With the extreme prevalence of mobile apps, web apps, and desktop apps, REST services are more important than ever to provide data to its users. This data could be used for the native app, or for 3rd party developers to expand your service's reach into other apps. Either way, the REST service needs to be easy to use and easily modified in order to keep up with the ever-changing demand of the end users.
Java provides many options for creating REST services, including JAX-RS, Apache Camel, and Spring MVC. All are good frameworks and would be sufficient for just about any project, but I personally prefer to use Apache Camel. It is so flexible and easy to use that it's impossible to pass up.
The example code given here is intended to be used to authenticate a user via a REST route (keep in mind that there may be security concerns that aren't addressed in this route). Using Jetty, we expose a route on the api/v1.0/auth path, which passes a HttpServletRequest instance to our authenticationProcessor bean. From here, we can extract all of the required information to determine if the credentials are valid. If they are valid, then we set the authenticated header to true in the message, and then pass back a unique token for the client to use. Otherwise we return JSON to notify the client that the authentication has failed.
import java.util.UUID;
...
private static final String AUTH_FAILED = "{"
+ "\"success\": false,"
+ "\"message\": \"Authentication failed.\""
+ "\"token\": null"
+ "}";
private static final String AUTH_SUCCEEDED = "{"
+ "\"success\": true,"
+ "\"message\": \"Authentication succeeded.\""
+ "\"token\": \"%s\""
+ "}";
...
@Override
public void configure() {
from("jetty:http://localhost:8080/api/v1.0/auth")

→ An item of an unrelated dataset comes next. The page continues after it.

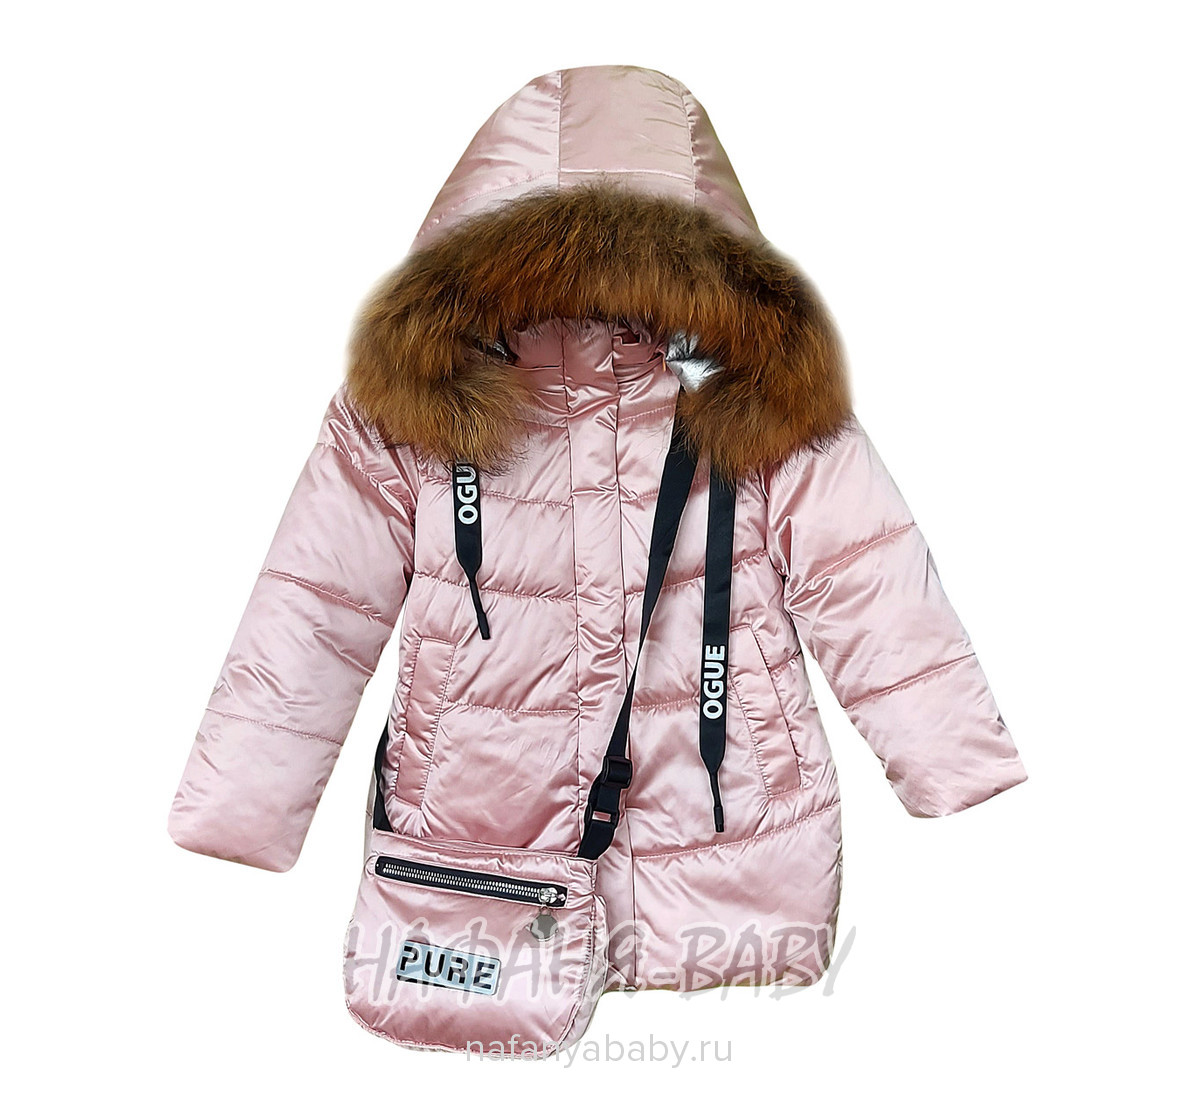 Зимняя удлиненная куртка DELFIN-FREE, купить в интернет магазине Нафаня. арт: 2207.
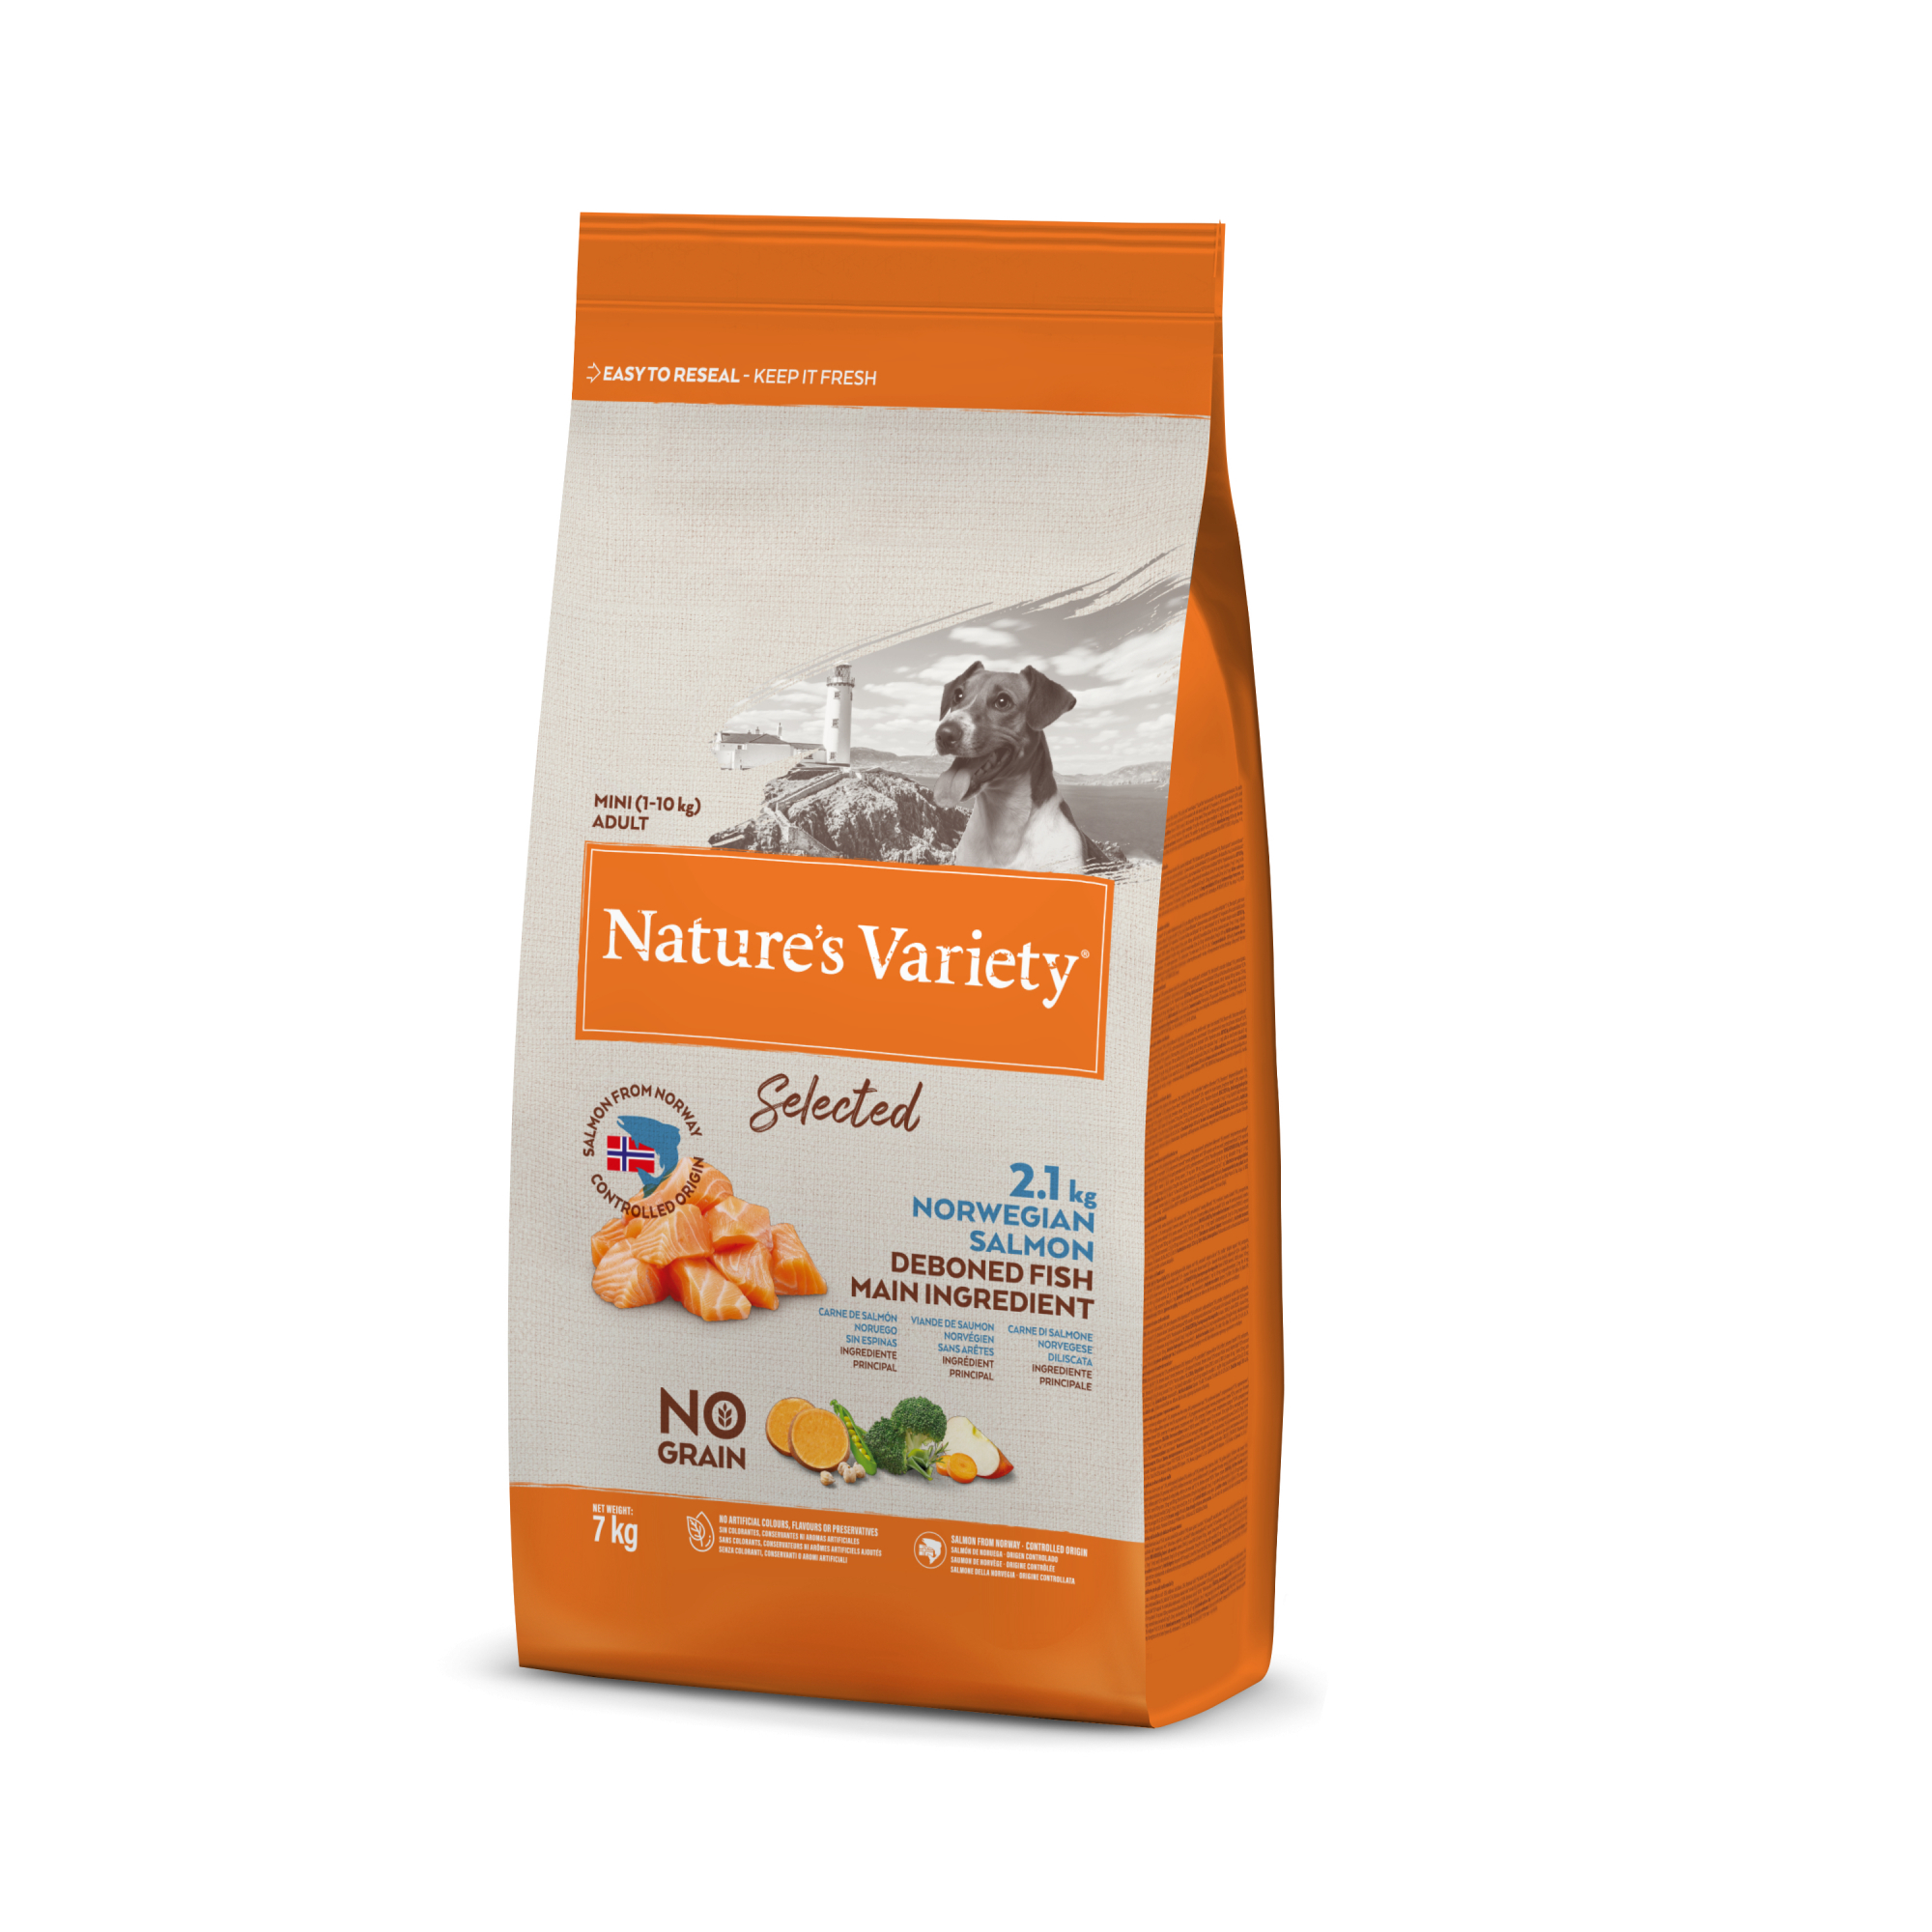 NATURE'S VARIETY Selected Salmón de Noruega sin cereales para perros pequeños

.process(authenticationProcessor)
.choice()
.when(header("authenticated").isEqualTo(true))
.setBody().constant(String.format(AUTH_SUCCEEDED, UUID.randomUUID().toString()))
.otherwise()
.setBody().constant(AUTH_FAILED)
.end();
}
This simple example is meant to show how easily we can use Camel for REST services. Sure, other frameworks might take even less code to get authentication to work, but the power of Camel is realized when we start utilizing other Camel components in our route. Maybe, for example, we later decide that we'd prefer that our clients authenticate using Google's OAuth service. In this case, we'd simply replace .process(authenticationProcessor) with the Camel GAuth component: .to("gauth:authorize?callback=" + encodedCallback + "&scope=" + encodedScope);, where encodedCallback and encodedScope are callback URLs to fully handle Google's authentication service. See Camel's GAuth page for a full example.
Given that Camel plays nice with over 100 different information sources, and ServiceMix, it should be obvious that with just a few lines of code we'll be able to add some pretty useful functionality to our REST service.